Install globally from npm:
npm install -g @duvoai/cli
Requires Node.js 24 or newer. Run duvo --version to confirm the install, and duvo --help to see every available command.

Quick start

# 1. Install
npm install -g @duvoai/cli

# 2. Sign in (opens your browser)
duvo login

# 3. List your Assignments
duvo agents list

# 4. Start a Job
duvo runs start --agent <agent-id>

# 5. Check Job status
duvo runs get <run-id>

Sign in

The CLI stores credentials as named profiles. Each profile holds either an OAuth session or an API key, so you can switch between teams or workspaces without re-entering credentials each time.

Log in with your Duvo account

duvo login
The CLI first prompts you for a profile name (for example, acme or personal), then opens your browser so you can sign in to Duvo. Once you approve, the CLI stores the OAuth session under that profile name. The first profile you add becomes the default. Pass --name <profile> to skip the prompt:
duvo login --name acme

Log in with an API key

Generate a key at Team Settings → API Keys, then:
duvo login --api-key <key>
Use API keys for service accounts, CI pipelines, and any non-interactive environment.

Add another profile

Run duvo login again to repeat the browser sign-in and prompt for a new profile name.
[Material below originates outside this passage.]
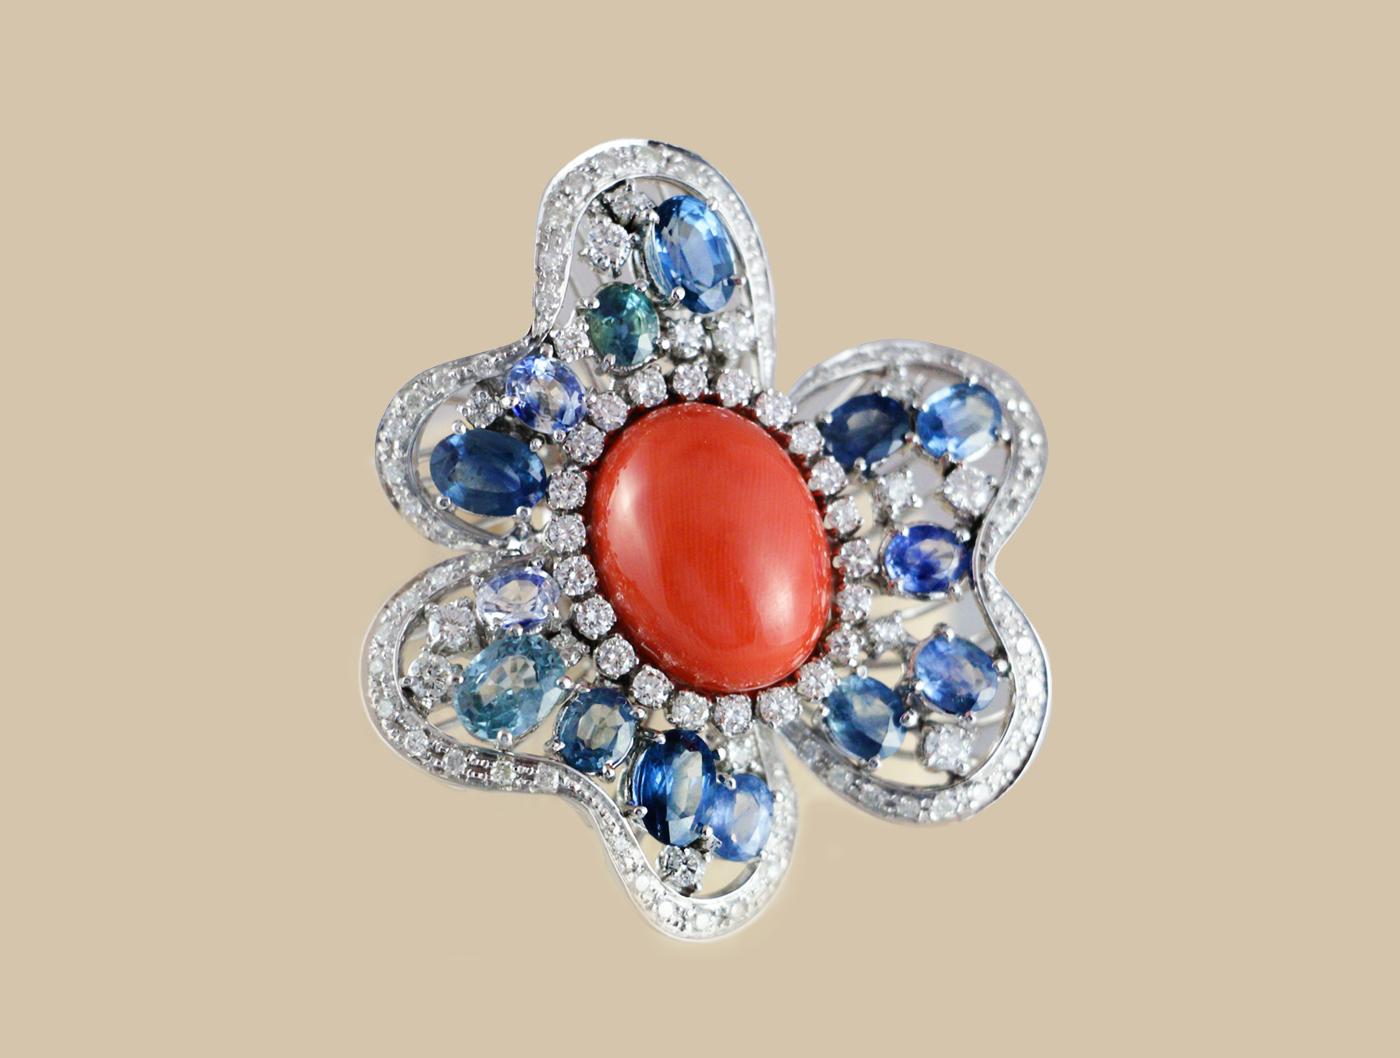 gioielli preziosi fecarotta antichità cover
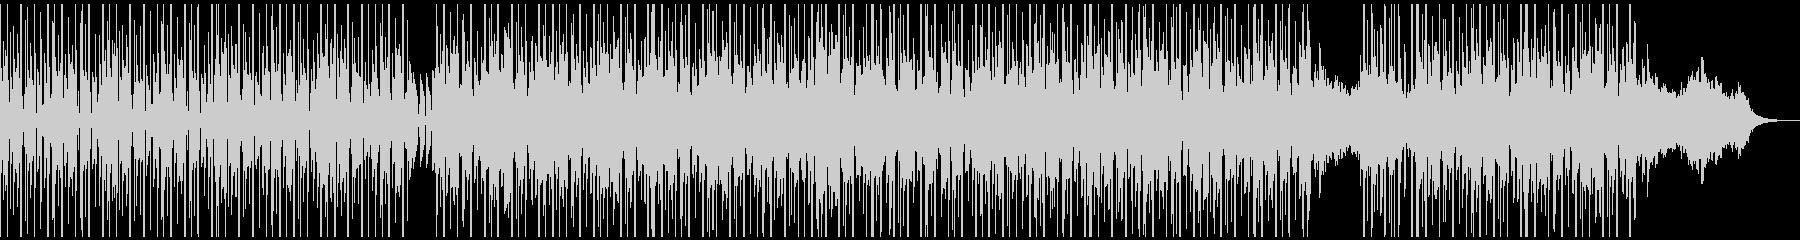 シンセとピアノを使ったクールなBGMの未再生の波形

Pass --api-key <key> if you want the new profile to use an API key instead.

Switch the default profile

duvo profiles use personal
If you omit the profile name, an interactive picker opens so you can arrow-key through your saved profiles:
duvo profiles use

Use a different profile for a single command

duvo agents list --profile staging
--profile <name> works on every command and doesn’t change your default.

See who you’re signed in as

duvo whoami

Sign out

duvo logout                    # sign out of the active profile
duvo logout --name <profile>   # sign out of a specific profile
duvo logout --all              # sign out of every stored profile
duvo logout revokes the OAuth tokens server-side and removes the profile locally.

Environment variables

For non-interactive use (CI, scripts), the CLI also reads:
VariableDescription
DUVO_API_KEYAPI key — bypasses the stored profile entirely
DUVO_PROFILEProfile name to use instead of the default

Output formats

By default every command prints a human-friendly table or summary. Add --json to any command for machine-readable output suitable for piping into jq or scripting:
duvo agents list --json | jq '.agents[] | {id, name}'

Command groups

The CLI is organized by resource. Use these guides to dig into each area: Each guide includes the exact commands, flags, and a few realistic examples.

Tips

  • Run duvo <command> --help to see every available flag for any command.
  • Combine --json with jq to script complex workflows — for example, list all Jobs that are waiting for human approval.
  • Set DUVO_PROFILE in your shell config to default to a non-default profile per project.
  • The CLI follows your Duvo team’s permissions — if you can’t see something in the UI, you can’t see it via the CLI either.